CAYTON, Associate Judge.

This is an appeal from an order vacating a default judgment, after the expiration of the term of court during which it was entered. Defendant’s motion to vacate was supported by affidavits and plaintiff filed controverting affidavits. The trial judge reviewed the situation in a comprehensive memorandum, and granted the motion to vacate.

This was a class B suit1 filed in the trial court on March 12, 1943, by Marvin’s against Janie Kitching to recover $130.95, for the balance of the purchase price of a fur coat. On the same day, Janie Kitch-ing sued Marvin’s in the Small Claims Branch of the same Court to recover $29, representing payments made on the coat. The fit and quality of the coat were in dispute in both cases. Both cases were returnable on the same day. Mrs. Kitching’s claim was returnable in the Small Claims Branch at 9:30 a. m. and the claim of Marvin’s against her, at 10 a. m. in the Central Assignment Branch on the next floor above, in the same building. When the Small Claims case was called, plaintiff, accompanied by her husband, but without counsel, announced herself ready to proceed. Counsel for Marvin’s informed the *867judge that he was not ready for trial and asked for and obtained a continuance. To save plaintiff’s husband further loss of time from his work, the case was continued to the next night session of the Small Claims Branch, five days hence.

Mrs. Kitching left the Municipal Court building and did not return until the continued date of the Small Qaims case. The attorney for Marvin’s immediately went upstairs to the Central Assignment Branch where he obtained a judgment by default in this case. Concerning the facts just recited there seems to be little or no dispute. There is, however, sharp conflict as to other facts. Mrs. Kitching in her affidavit contends that the attorney gave her the impression that the B case would be continued to the same date as the Small Claims case and tried with it, and that “he would take care of things” and notify her. The affidavit of plaintiff’s attorney recites in part that when the Small Claims case was called he acquainted the judge with the pendency of the B case in the Central Assignment Branch and asked that the judge allow the two cases to be consolidated for trial. He claims (and in this he is supported by the affidavit of another attorney) that the judge insisted that the other case would have to be handled by the Central Assignment judge; that he informed the Small Claims judge that he was prepared only to try the larger case but was not prepared to try the Small Claims case, and that thereupon the Small Claims case was continued as above stated. He denied having had any conversation whatever with the defendant or her husband, but insists that he told the Small Claims judge in their presence that he “was proceeding with the Municipal Court case.”

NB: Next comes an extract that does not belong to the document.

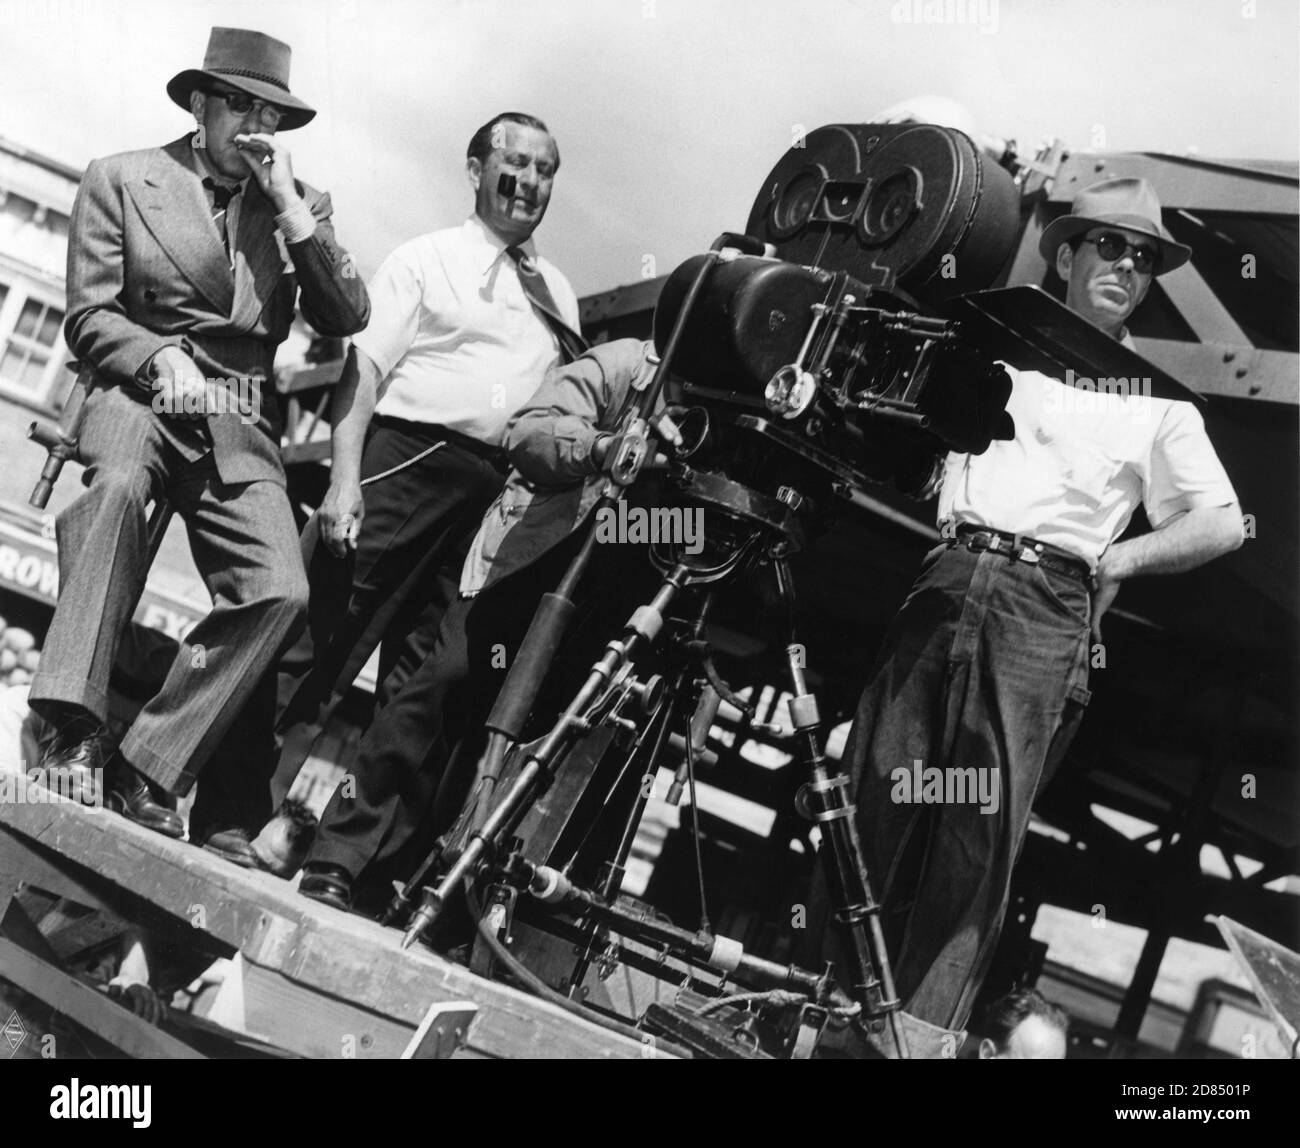 Director RAOUL WALSH and Cinematographer ARTHUR EDISON on set candid with Camera Crew during filming of THEY DRIVE BY NIGHT 1940 director RAOUL WALSH associate producer Mark Hellinger executive producer Hal B. Wallis Warner Bros. Stock Photo

On the hearing of the motion to vacate it developed that when the Small Claims case was heard at the continued date at the night session, there was a trial on the merits, and judgment was entered in favor of Mrs. Kitching against Marvin’s for the return of the $29 she had paid. It was then that for the first time Marvin’s attorney announced that he had already obtained a default judgment in the class B case. He applied to this court for an appeal from the Small Claims judgment which we disallowed.2

Confronted with that confusing situation, Mrs. Kitching employed an attorney, who filed in her behalf in the class B case the motion to vacate which has now become the subject of this appeal.3

In his memorandum the trial judge reviewed the whole picture and said: “The resulting situation is this: Marvins has a judgment [by default] for the balance due on the coat. Defendant has a judgment of the Small Qaims Court [entered after trial] for the return of payments previously made on the same coat. Such Small Claims judgment was awarded on the theory that the coat was not as represented or that there had been a failure of consideration. Janie Kitching has physical possession of a coat she does not want and which she has offered repeatedly to return.” (Bracketed words supplied by us.)

Though the term at which the judgment had been entered had expired, he decided that he should in fairness vacate the default judgment.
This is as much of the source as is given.